Федоров называет подобный процесс: «психофизиологической регуляцией».
Для нашего мыслителя человечество (начиная с Адама) во всей его целокупности – одна семья.
Не любовь к Богу, а сакрализация отцов движет философом. Федоровская родственно-отеческая нравственность смахивает на первобытный культ предков. Поклонение умершим – прародителям и сородичам.
Только в данном случае не пращуры магически участвуют в жизни «детей», а, наоборот, потомки «заботятся» об умерших отцах.
И, пользуясь достижениями науки – научной магией, вызывают предков к вечной жизни.
И праведных, и грешных.
Федорову близка идея апокатастасиса христианских богословов Оригена и Григория Нисского – «восстановление всего мира, без всяких исключений, в обо́женое состояние».
Такое впечатление, что коллективный древний пращур заклял нашего философа. Заколдовал. Превратил в почитателя праха.
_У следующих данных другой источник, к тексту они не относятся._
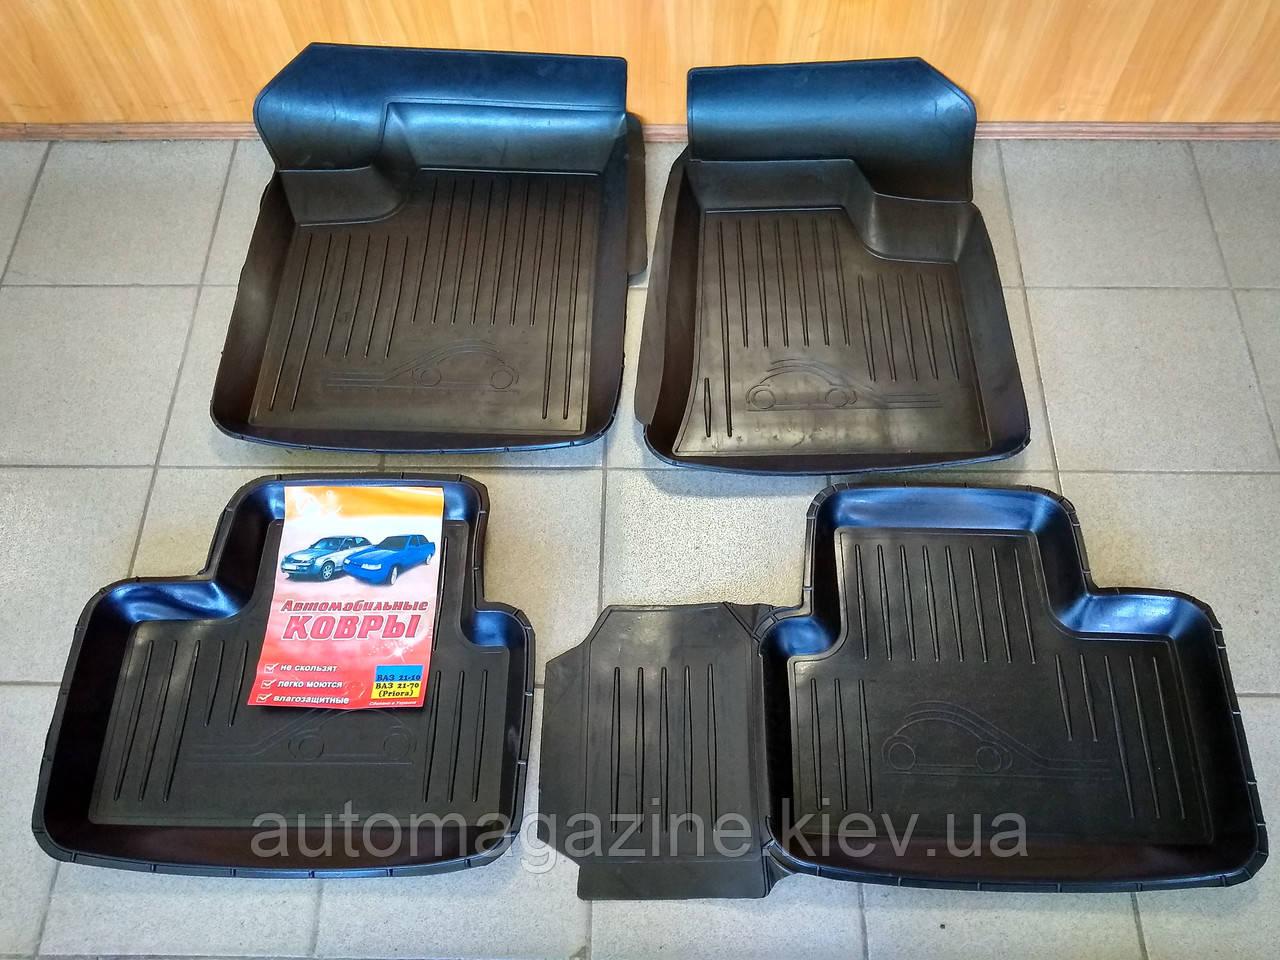 Килимки салону ВАЗ 2110 - 2112 (комплект)

И тот, зомби, всю жизнь страстно проповедовал общее дело восхваления и воскрешения умерших отцов.
Не правда ли, веет древнеегипетским холодком Подземного царства мертвых?
В теории Федорова также чувствуются отсветы «великого деланья».
Средневековые алхимики говорили о достижении физического «бессмертия», которое, впрочем, измерялось тысячью годами. Это так. Далее, согласно ученым мужам, наступает трансформация – возвращение к своему «потерянному», «забытому» состоянию. К первоматерии. К вечному Свету, частицей которого человек изначально был.
У Мирче Элиаде читаем: «…для воскрешения мертвые тела должны быть испытаны Огнем и всеми Видами Страдания, ибо без страдания и смерти нельзя достичь Вечной Жизни. Мучения всегда приводили к смерти. Не было никакой надежды на „воскрешение“ на трансцендентном уровне без предварительной смерти»[6].
В сравнении с пресной федоровской литургией, алхимический Opus Magnum, полный метафор, экспрессии, поэзии и страсти, – приключенческий роман.
Средневековые алхимики «спроецировали на Материю инициационную функцию страдания. Благодаря алхимическим операциям, соответствующим „мучениям“, „Смерти“ и „воскрешению“, субстанция изменяется, то есть становится трансцендентной: она обращается в „Золото“. Золото, повторим, является символом бессмертия… Таким образом, алхимическая трансмутация тождественна достижению материей совершенства: в христианских терминах – ее искуплению»[7].
Дабы жить экстатической жизнью в Боге.
Но и это не все.
Не все так просто.
Читатель чувствует иной, скрытый прообраз в философии Федорова. Где «коллективный пращур» оборачивается всамделишным Отцом Небесным.